# EXERCISE INPUT:
::::

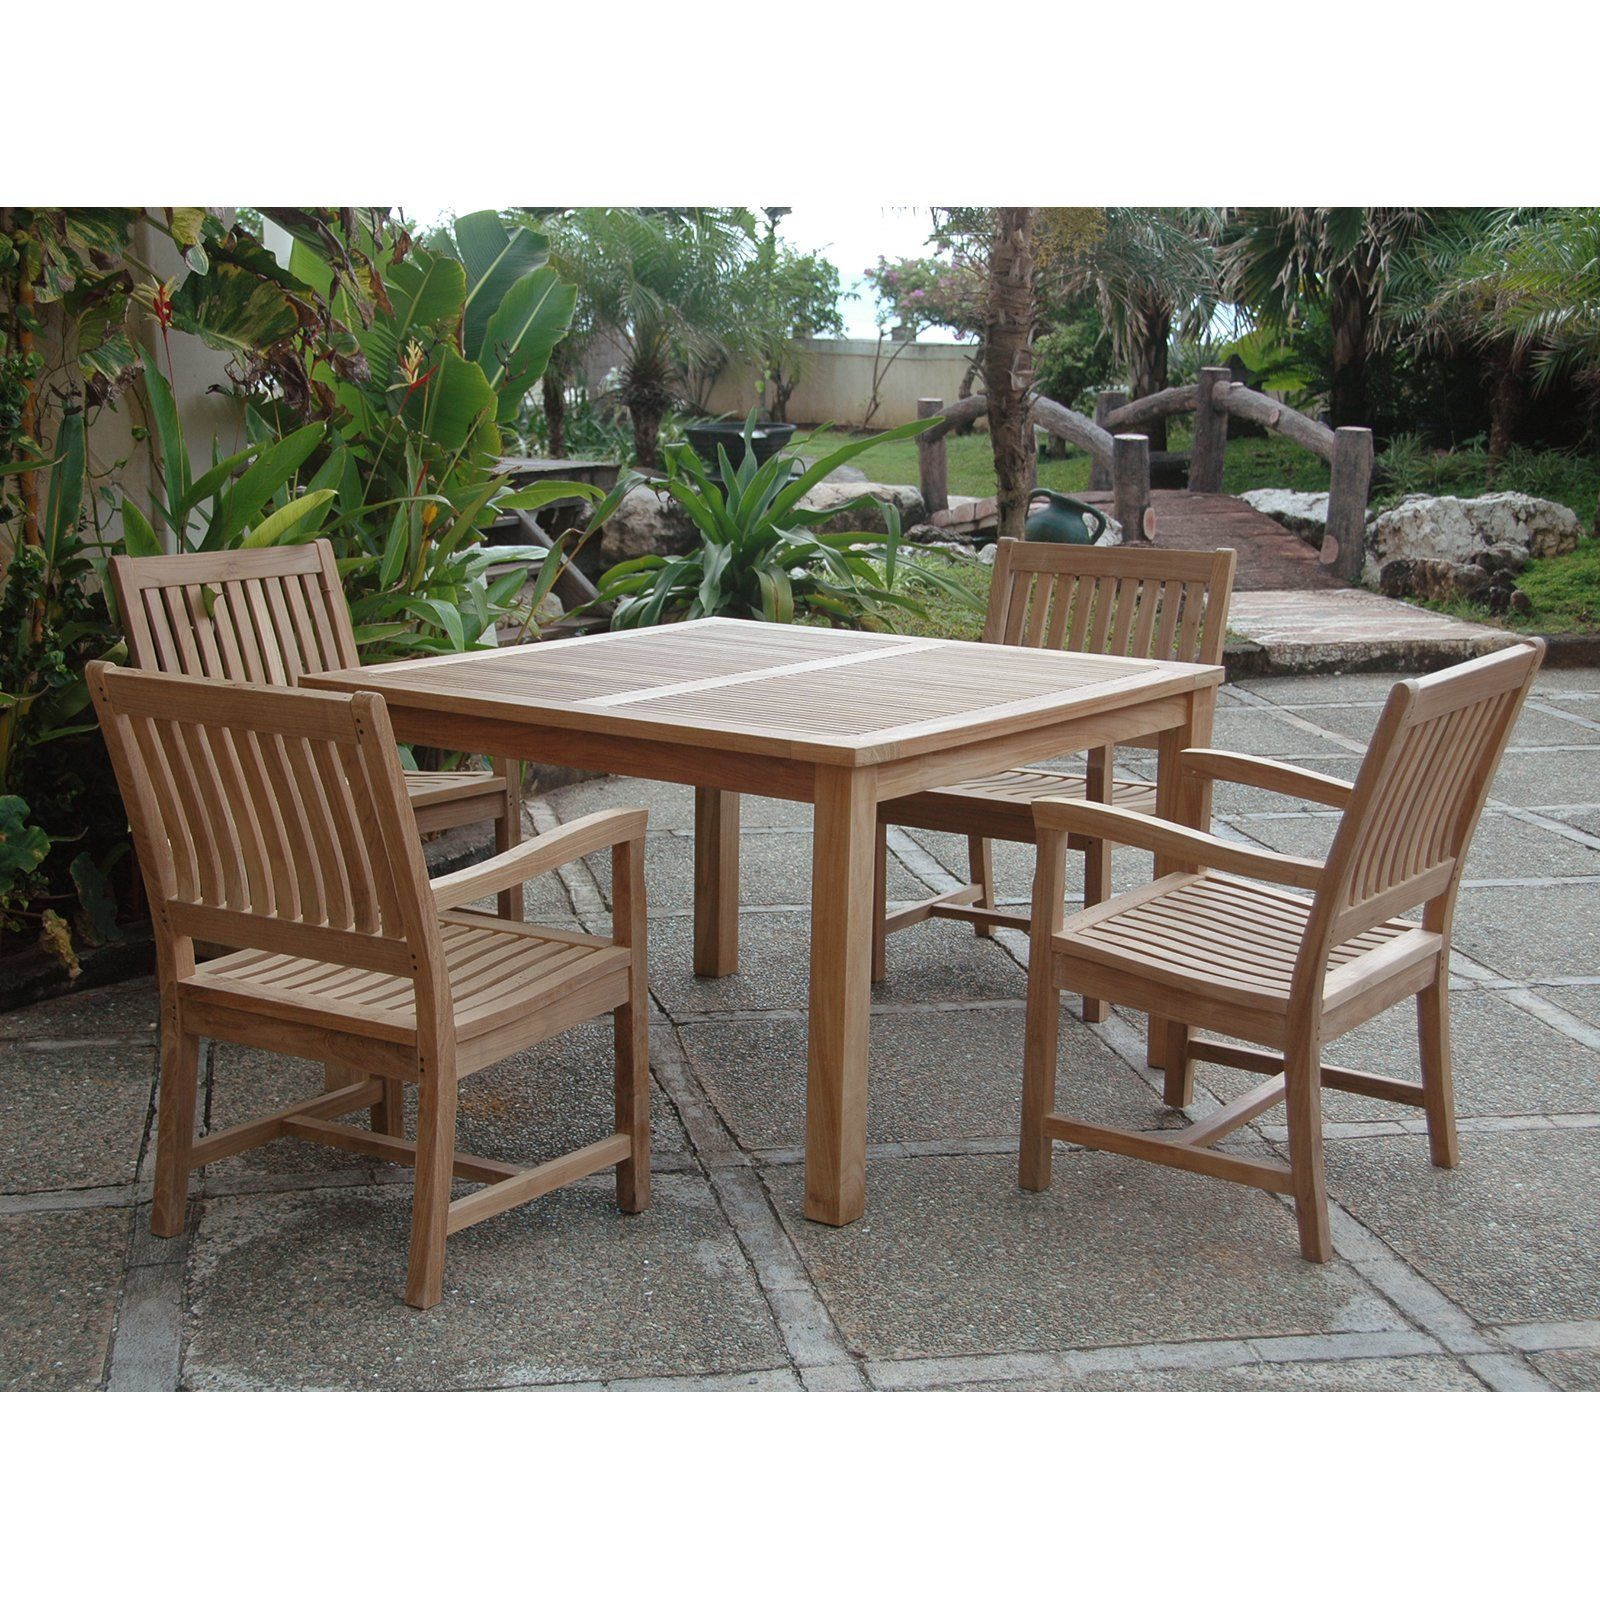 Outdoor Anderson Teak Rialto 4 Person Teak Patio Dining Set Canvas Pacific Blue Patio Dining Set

::::

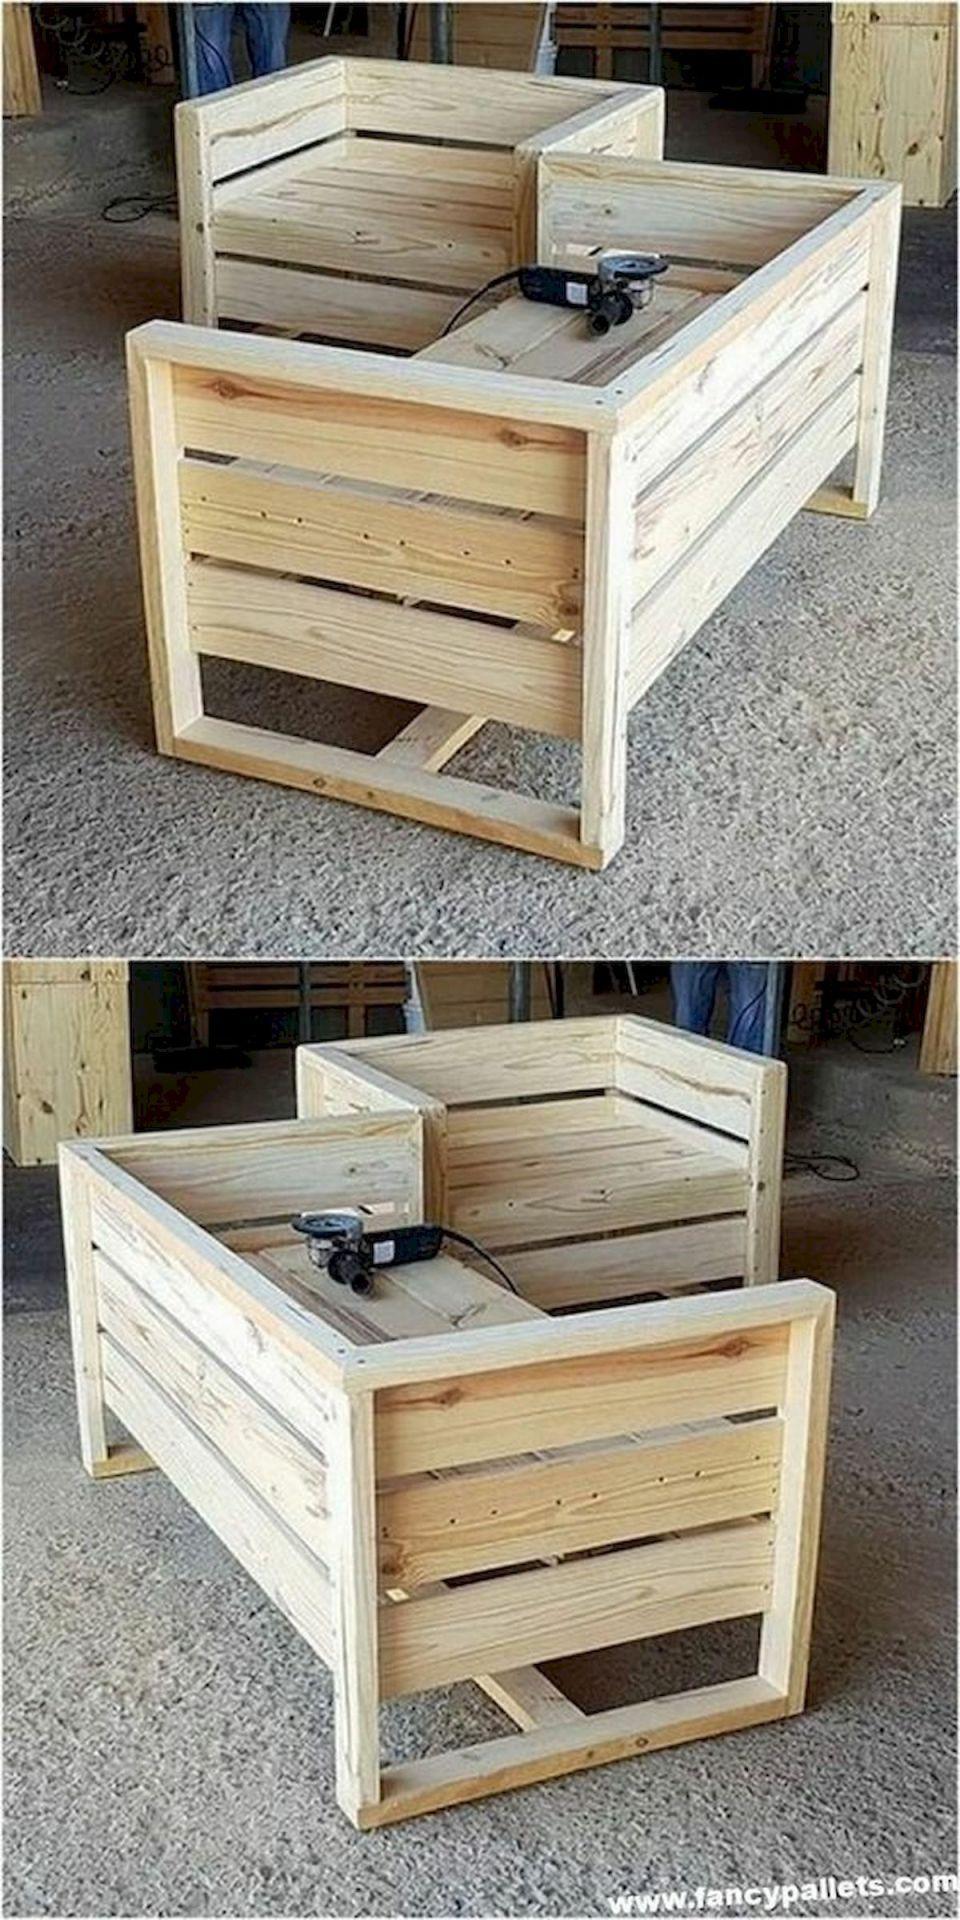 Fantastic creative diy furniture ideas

::::

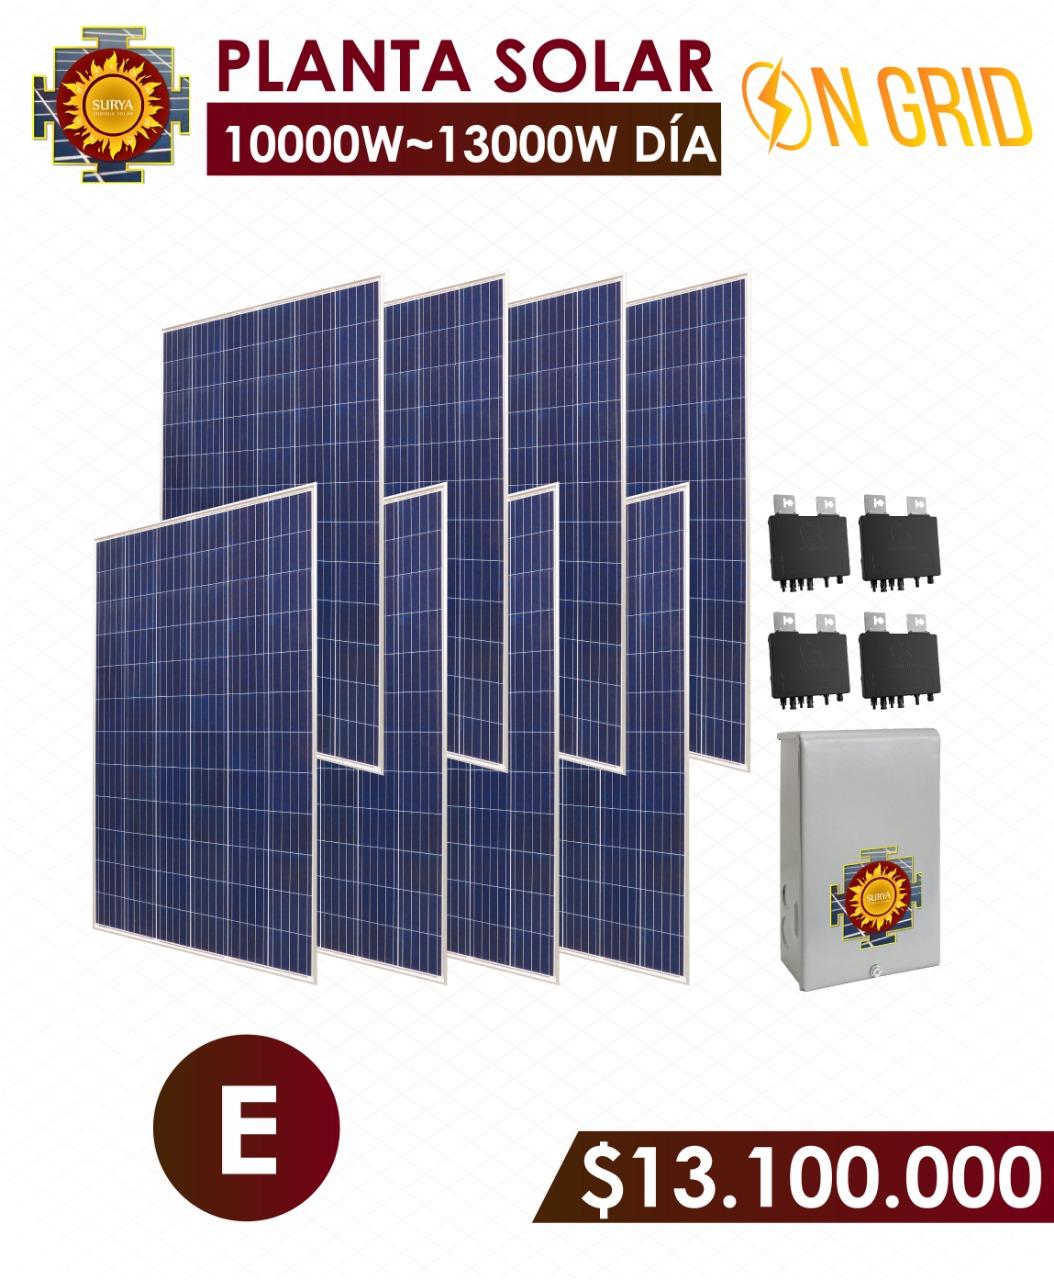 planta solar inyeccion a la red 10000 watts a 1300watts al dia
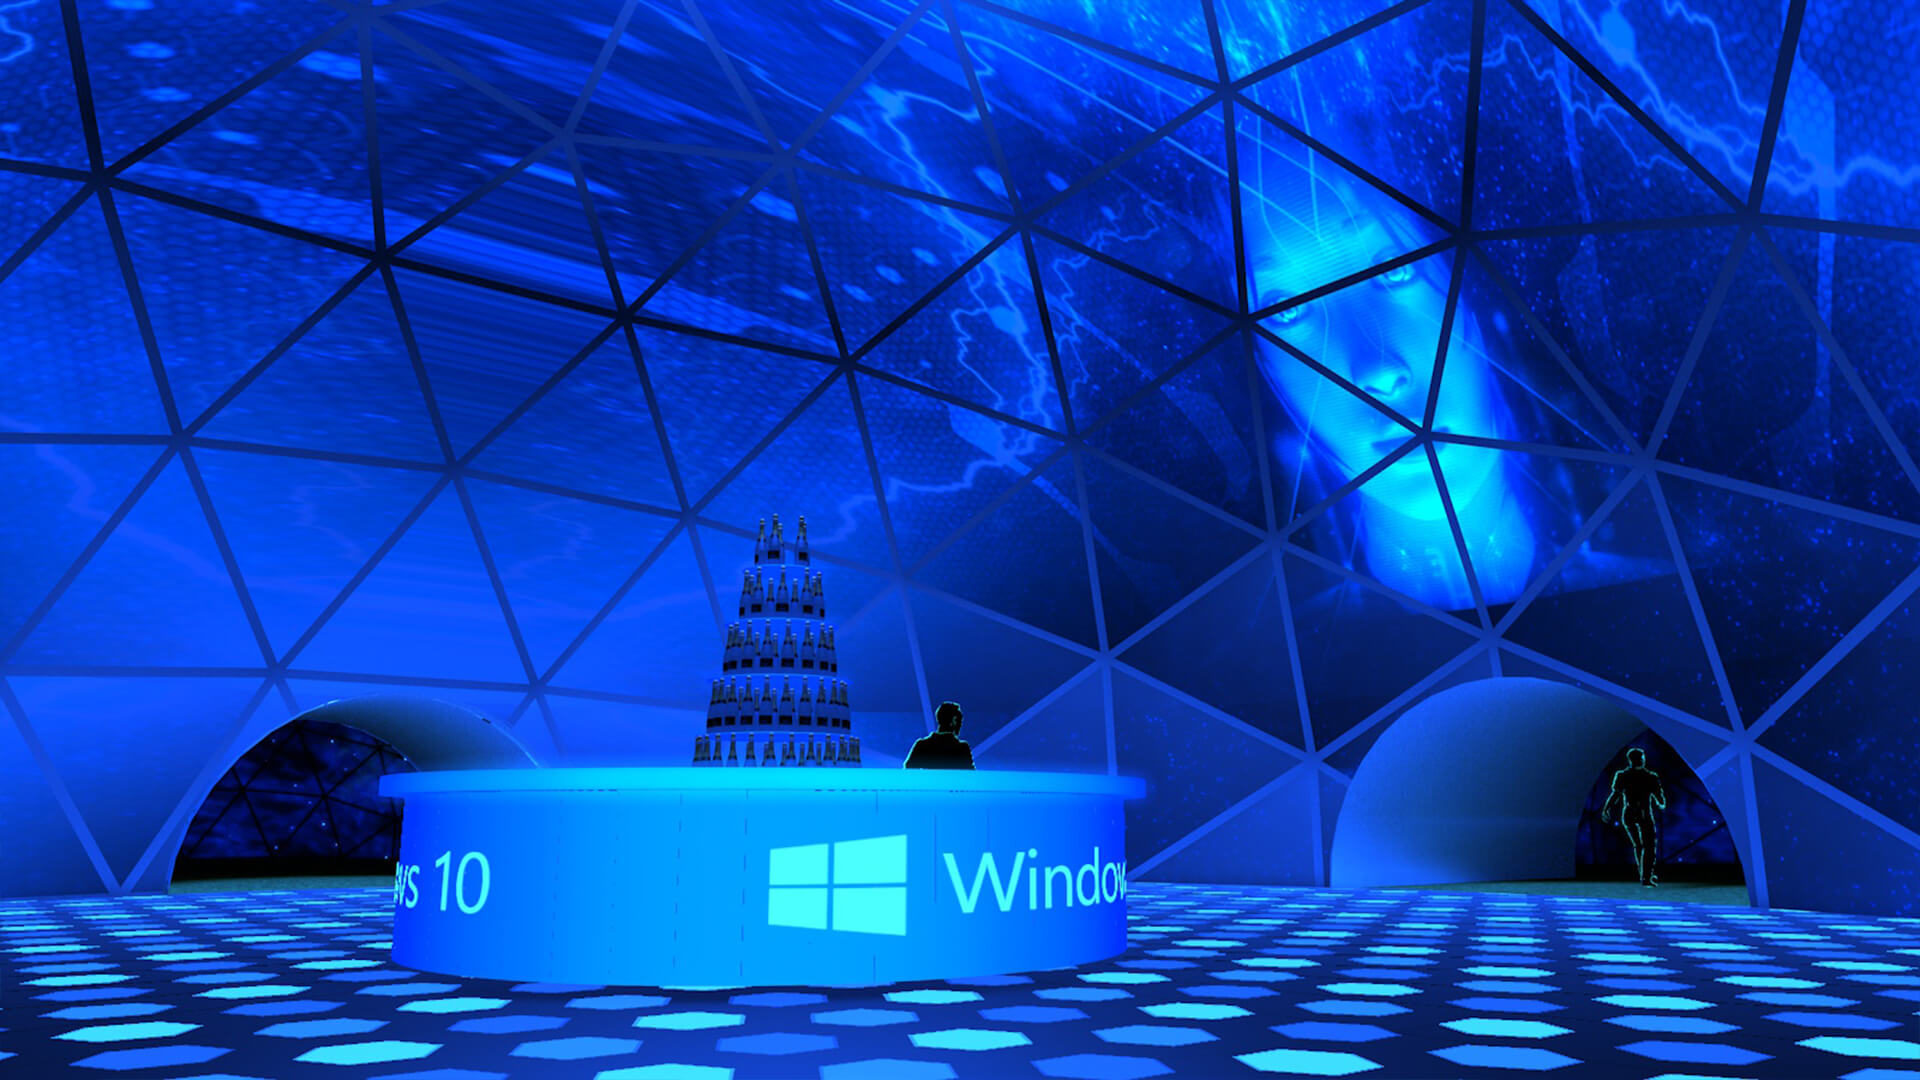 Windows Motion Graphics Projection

::::

# WHAT THIS TASK INVOLVES:
Beginning at the line above that contains "planta solar inyeccion" and going on through the line that contains "Windows Motion Graphics Projection", please copy every line exactly, leaving the pictures out and adding nothing.

# RESPONSE FOR THIS EXERCISE:
 planta solar inyeccion a la red 10000 watts a 1300watts al dia
 Windows Motion Graphics Projection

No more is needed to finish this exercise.